Причуды Саломеи, или Роман одной картины (Валентин Серов – Ида Рубинштейн) - Арсеньева Елена. Страница 6
После смерти отца Серова отдали в обучение Карлу Кеппингу, впоследствии известному художнику-оформителю. Потом он учился в Париже, позднее – в Москве у Репина. В 1880 году по его рекомендации Серов поступил в петербургскую Академию художеств в класс профессора Павла Петровича Чистякова, воспитавшего в свое время Сурикова, Поленова, Репина, Врубеля. Как педагог Чистяков был суров: «Ученики что котята, брошенные в воду: кто потонет, а кто и выплывет. Выплывают немногие, но уж если выплывут – живучи будут». Серов беспрекословно подчинялся учителю, а тот гордился им: «В такой мере, какая была отпущена Богом Серову всех сторон художественного постижения в искусстве, я еще не встречал в другом человеке. И рисунок, и колорит, и светотень, и характерность, и чувство цельности своей задачи, и композиция – все было у Серова, и было в превосходной степени».
В 1886 году Валентин Серов впервые принял участие в выставке Московского общества любителей художеств, был замечен и одобрен – именно благодаря портретам оперных знаменитостей. Потом были созданы «Девочка с персиками», «Девушка, освещенная солнцем», «Заросший пруд».
Постепенно он стал модным художником. Писал портреты на заказ богатым и известным людям, но иногда уезжал подальше от света – на дачу в Финляндию или в Тверскую губернию, где писал виды русской природы.
В 1900 году, порвав с Товариществом передвижных выставок, Серов стал официальным членом объединения «Мир искусства». Именно тогда он обратился к исторической живописи. Его картина «Петр I» вызвала восторг ценителей, несмотря на то (или вследствие того), что Серов увидел императора совершенно нетрадиционно. О Петре I он судил так: «Обидно, что его, этого человека, в котором не было ни на йоту тщеславности, оперы, всегда изображают каким-то оперным героем и красавцем. А он был страшный: длинный, на слабых, тоненьких ножках и с такой маленькой, по отношению ко всему туловищу, головкой, что больше должен был походить на какое-то чучело с плохо приставленной головою, чем на живого человека. В лице у него был постоянный тик, и он вечно «кроил рожи»: мигал, дергал ртом, водил носом и хлопал подбородком. При этом шагал огромными шагами, и все его спутники принуждены были следовать за ним бегом. Воображаю, каким чудовищем казался этот человек иностранцам и как страшен он был тогдашним петербуржцам». Именно таким изображен Петр на серовской картине.
Кроме исторической, Серова привлекала и античная тема: «Похищение Европы», «Одиссей и Навзикая». Античность он воспринимал как декоративно-прекрасный, фантастический сон, даже более убедительный, чем реальность.
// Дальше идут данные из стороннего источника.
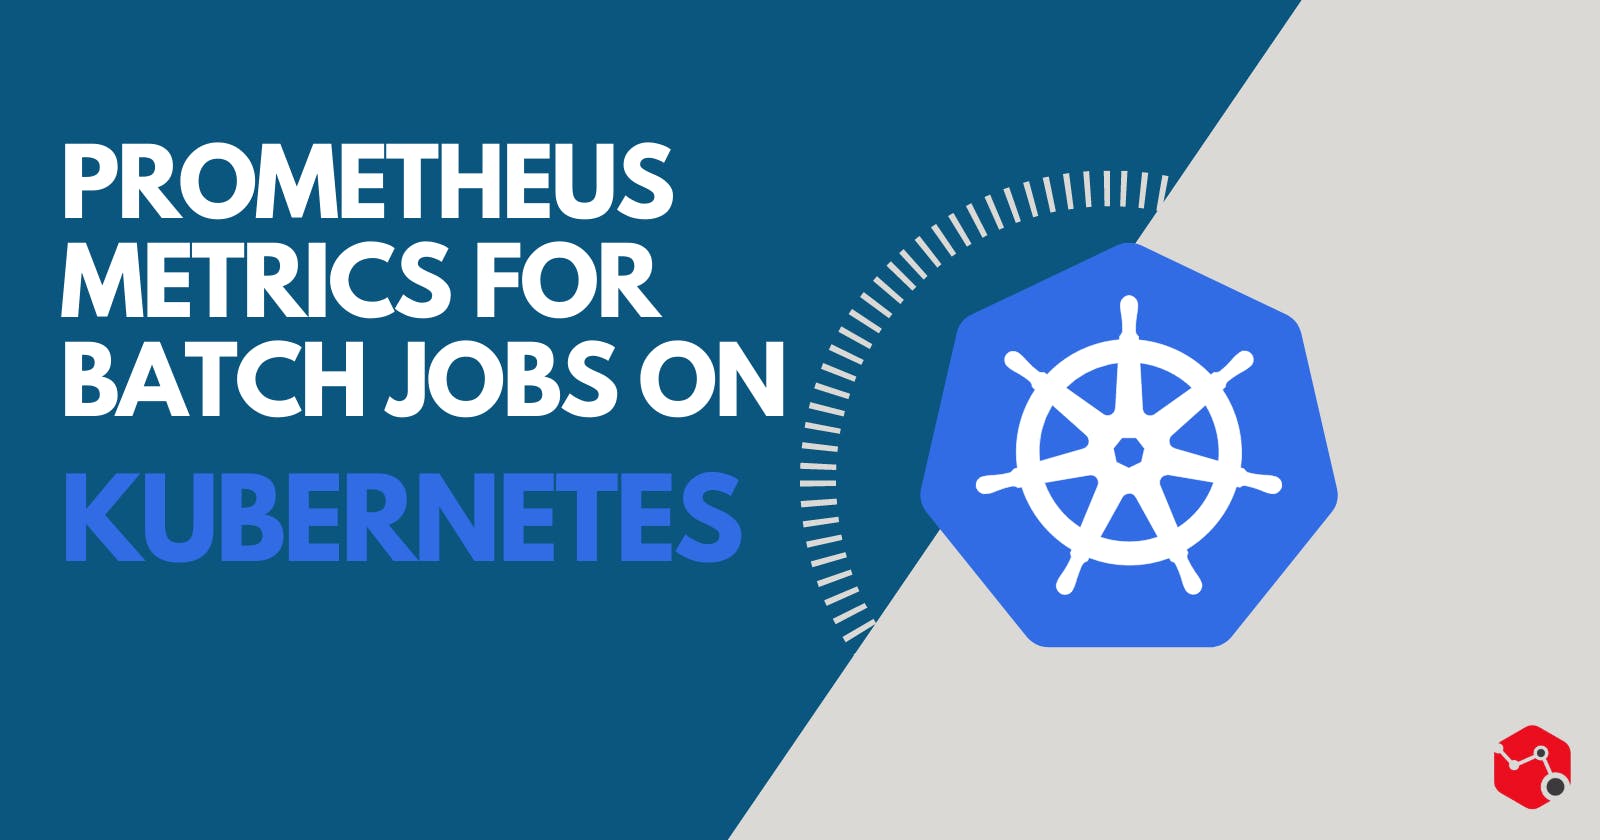 Prometheus Metrics for Batch Jobs on Kubernetes

И тут вдруг (или не вдруг?) реализм приелся художнику. Резко изменилась манера его письма. Для дягилевских «Сезонов» он создал афишу с портретом балерины Анны Павловой, где небольшим количеством точных, изящных штрихов углем и мелом на темно-голубом фоне добился такой воздушности рисунка, что балерина кажется летящей ввысь, «как пух из уст Эола». Афиша была так удачна, что о ней говорили больше, чем о самой балерине.
Теперь ему был заказан «персидский» занавес для балета «Шахерезада».
И вот он в парижском театре «Chatelet» увидел Иду, познакомился с ней и получил предложение написать ее портрет.
– Монументальность в каждом ее движении, – восхищался Серов, увидев ее на сцене. – Да ведь это оживший архаический барельеф!
Художник точно заметил: Фокин выработал в танцовщице плоскостной поворот тела, словно на фресках древнеегипетских пирамид.
Лицо Иды, по воспоминаниям одного из современников, было матовым, без румянца, с овалом, как бы начертанным без единой помарки счастливым росчерком чьего-то легкого пера, лицо некой древней эпохи, которое неведомыми путями дошло до начала ХХ века, сохраняя тайну уже не существующих далеких цивилизаций.
Серов был очарован:
– Увидеть Иду Рубинштейн – целый этап жизни, ибо по этой женщине дается нам особая возможность судить о том, что такое вообще лицо человека… Вот кого бы я охотно писал!
Что ж, желание его вскоре исполнилось. И оно оказалось взаимным. Серов хотел изобразить Иду в том наряде, в каком венецианские патрицианки позировали Тициану. Это будет, размышлял Серов, вариант артистического костюмированного портрета. Только костюмом в данном случае явится нагота…
– Разумеется, – сказала Ида, узнав об этом от Бакста. – А как же иначе… Где?
В то время мастерской Серову служила большая зала домашней церкви бывшего монастыря Ля Шапель с цветными витражами и сводами. Ида пришла в восторг, узнав об этом. Потом она признается, что мысль сыграть католическую святую (святого!) возникла у нее именно в то время, когда она позировала Серову.
Она была нежна, как персик, как мимоза, и Валентин Александрович постоянно опасался, что это животное-насекомое-змея-женщина, которую он так неудобно усадил на ложе, сооруженное из чертежных досок, подставив под него табуретки, озябнет.
Ида приходила с камеристкой, которая помогала ей раздеться, а потом уходила.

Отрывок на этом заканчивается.